Content starts

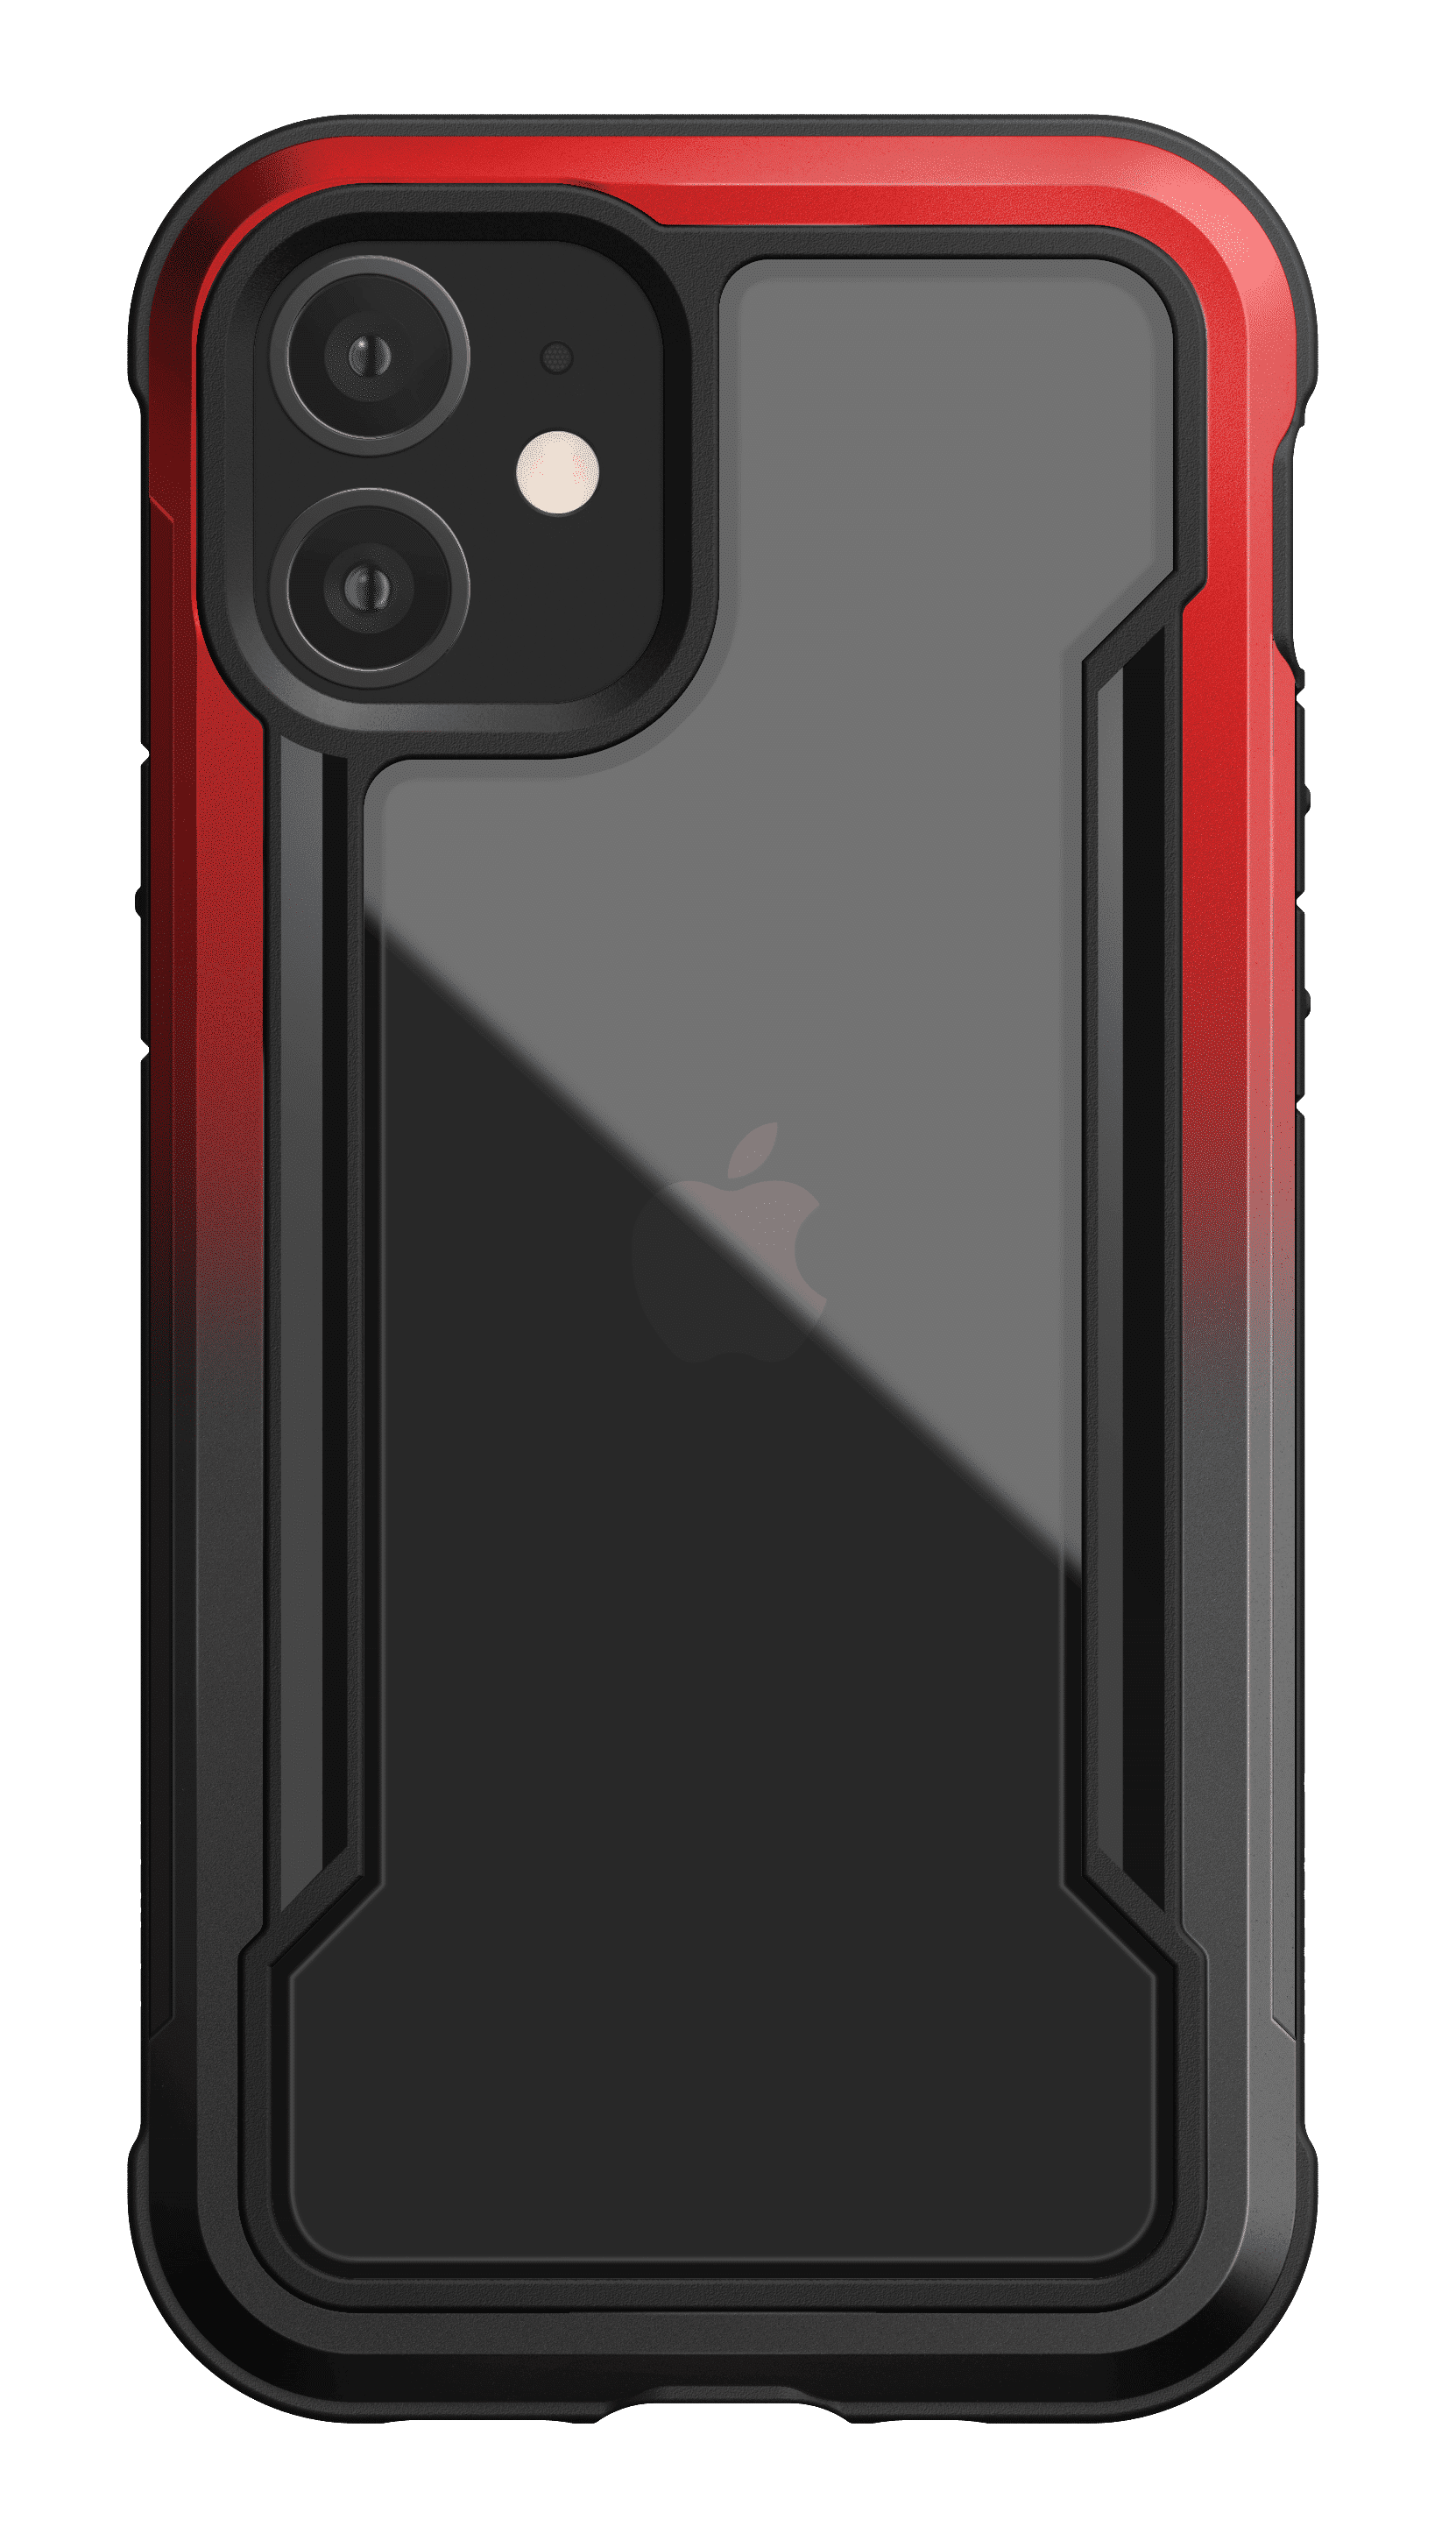 เคส X-Doria รุ่น Raptic Shield - iPhone 12 / 12 Pro - ไล่สีดำ/แดง
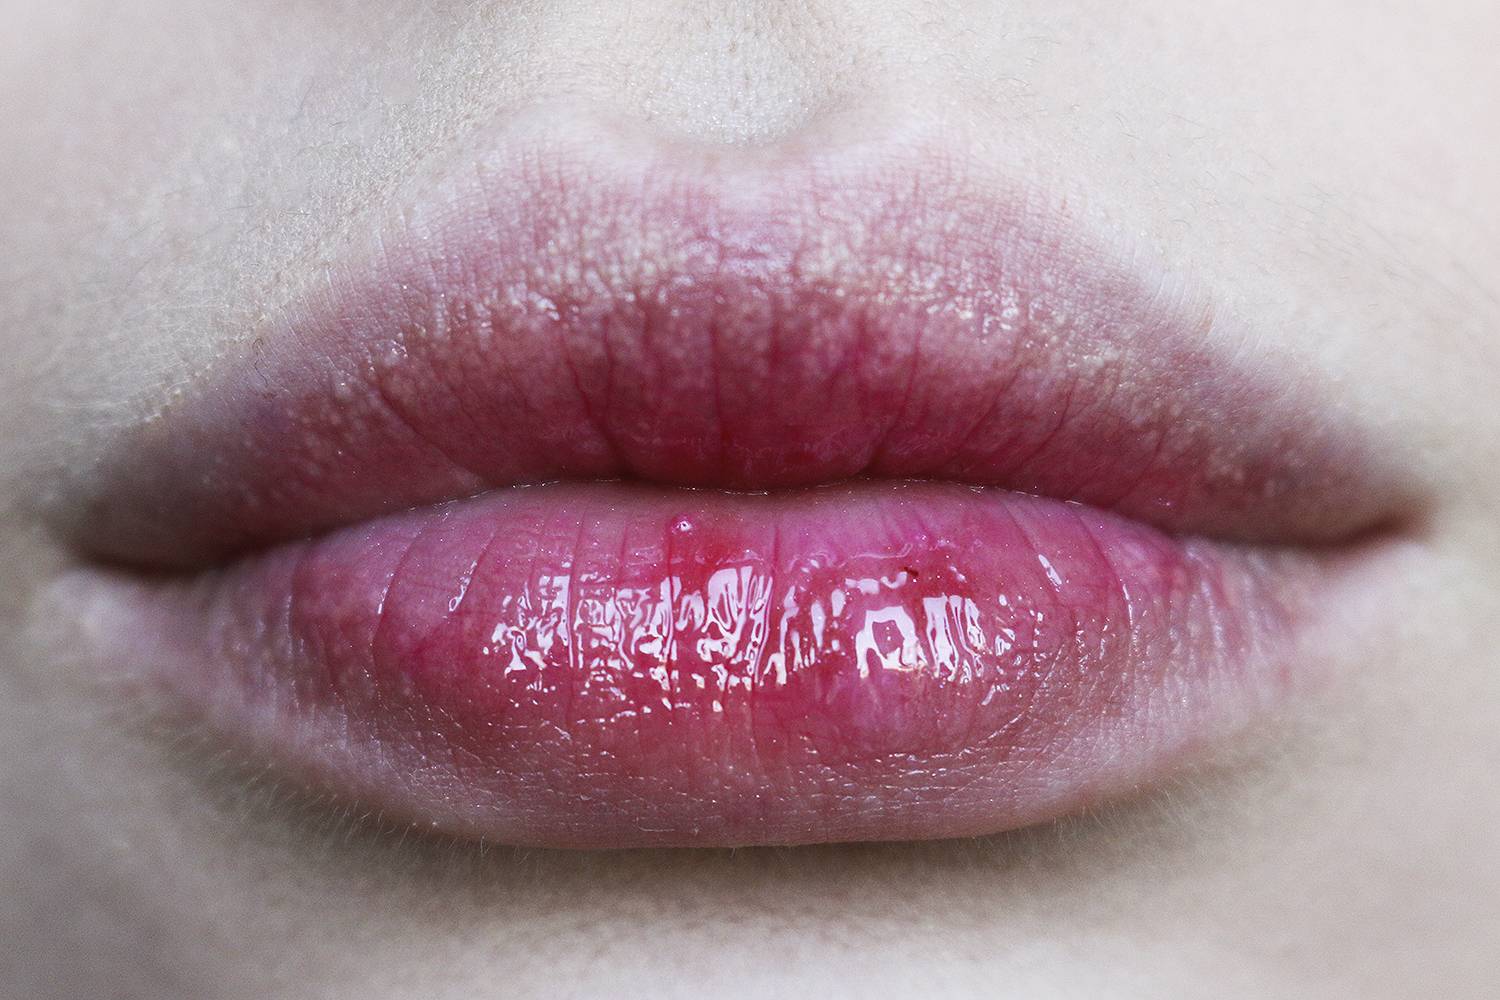 Техника татуажа lip kiss: эффект зацелованных губ  | pro.bhub.com.ua
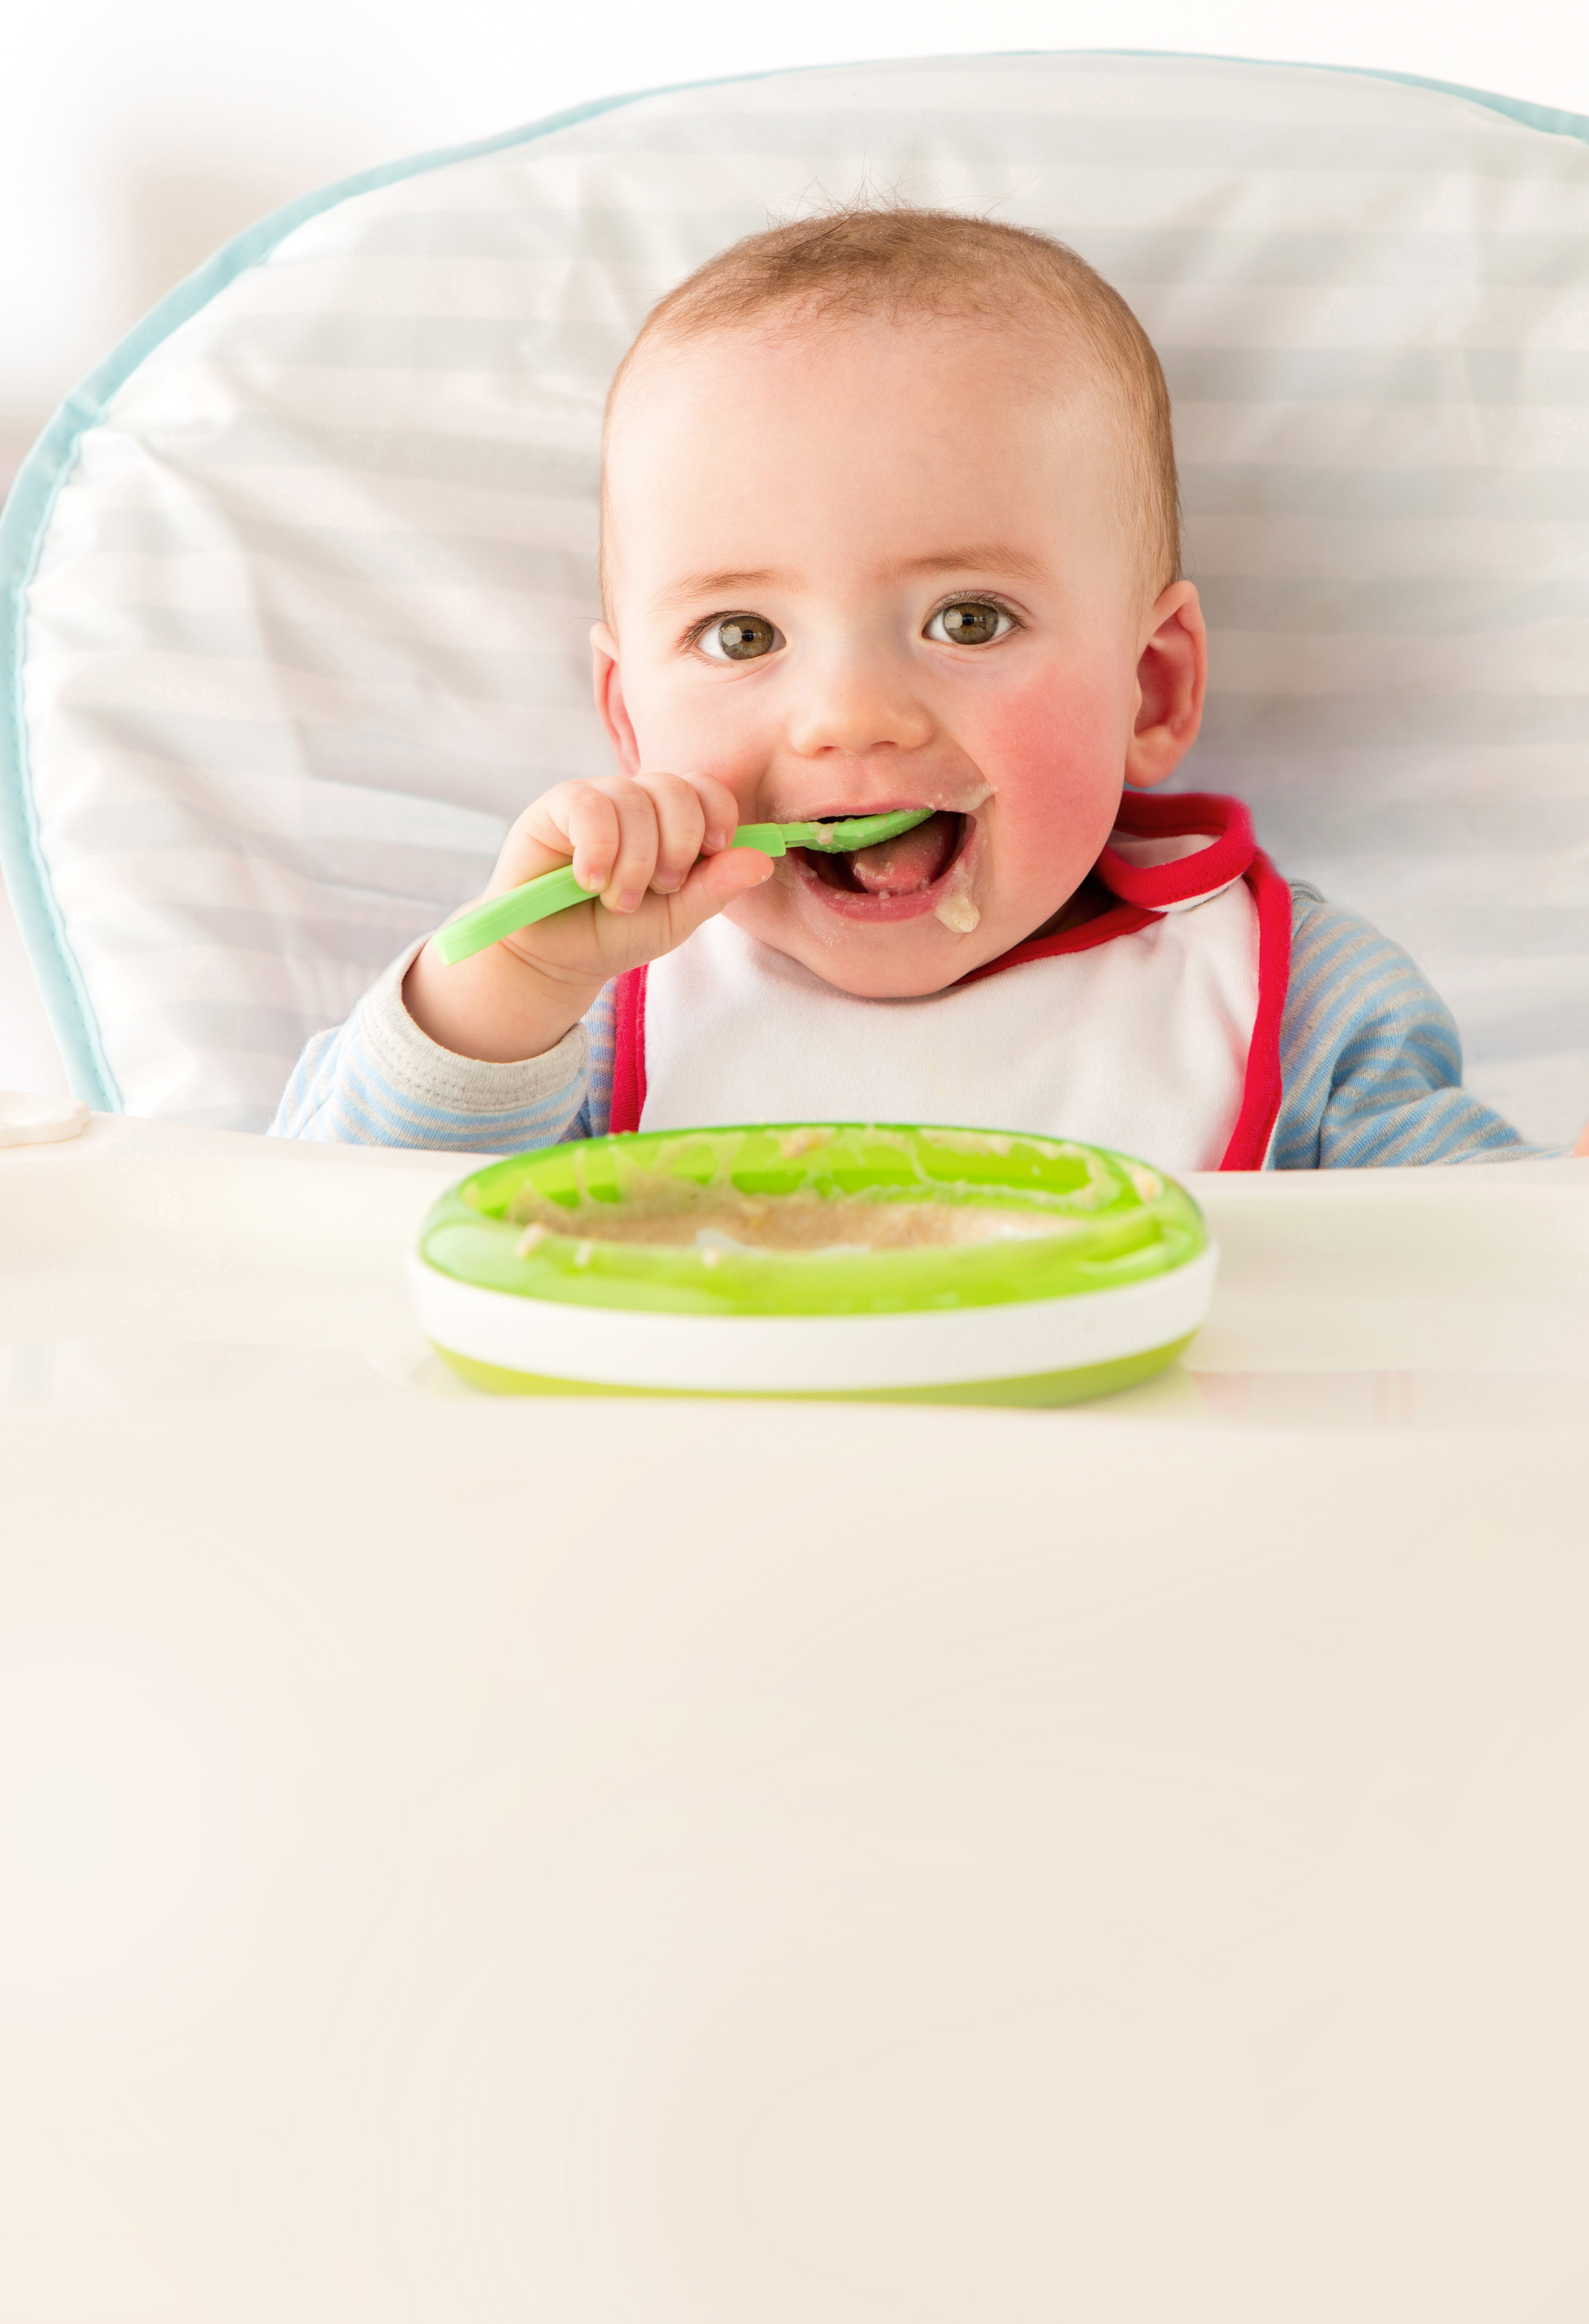 Immer mehr Babys reagieren schon früh mit Allergien oder Unverträglichkeiten auf Lebensmittel. Mein Baby verträgt seinen Brei nicht: Was ist die Ursache?

Content ends

- _Exercise_: Everything in the material must be duplicated exactly, except the pictures.

- _Task output_:
 เคส X-Doria รุ่น Raptic Shield - iPhone 12 / 12 Pro - ไล่สีดำ/แดง
 Техника татуажа lip kiss: эффект зацелованных губ  | pro.bhub.com.ua
 Immer mehr Babys reagieren schon früh mit Allergien oder Unverträglichkeiten auf Lebensmittel. Mein Baby verträgt seinen Brei nicht: Was ist die Ursache?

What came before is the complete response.